(Materials provided):
:::

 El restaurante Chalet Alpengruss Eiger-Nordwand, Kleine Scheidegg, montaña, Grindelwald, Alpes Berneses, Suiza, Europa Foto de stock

:::

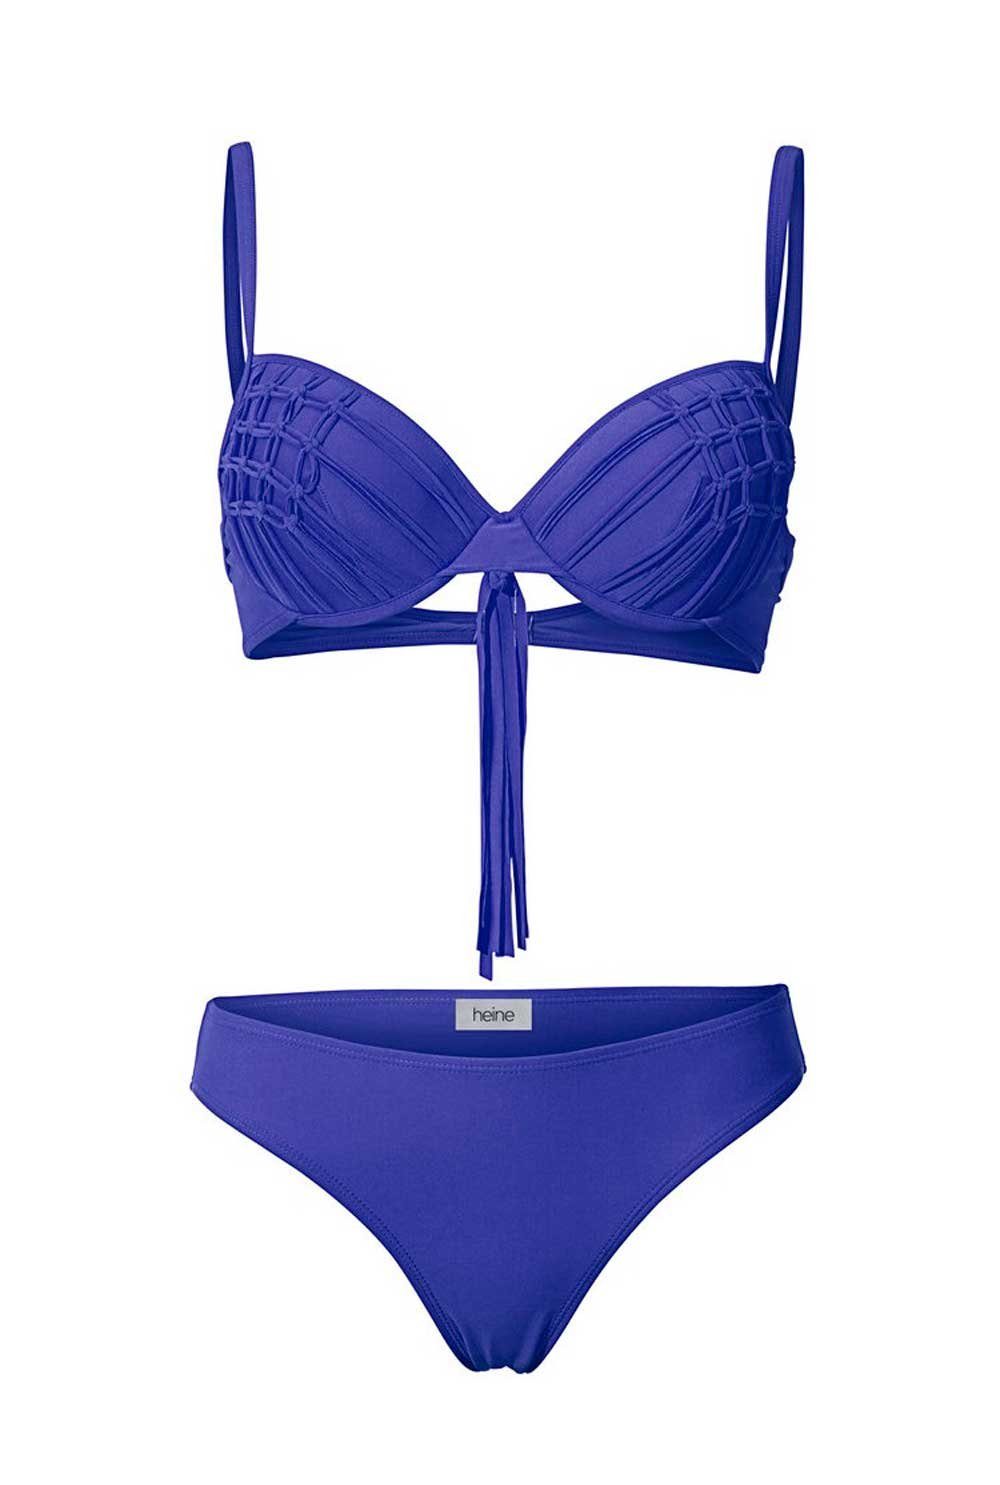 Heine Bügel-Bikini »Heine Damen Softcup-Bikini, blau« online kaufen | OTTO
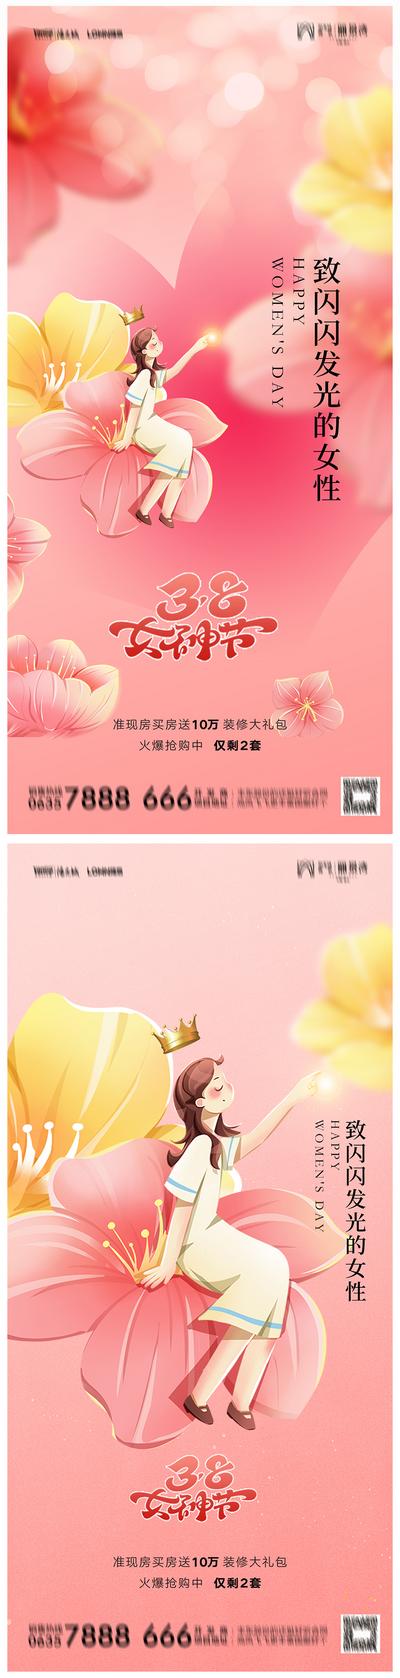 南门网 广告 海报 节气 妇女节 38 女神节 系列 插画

:::

(What to produce):
Print from the line containing "kaufen | OTTO" through the line containing "南门网 广告 海报 节气 妇女节 38 女神节 系列 插画" in the data above, exactly as the lines stand, and omit every picture.

(Result below):
 Heine Bügel-Bikini »Heine Damen Softcup-Bikini, blau« online kaufen | OTTO
 南门网 广告 海报 节气 妇女节 38 女神节 系列 插画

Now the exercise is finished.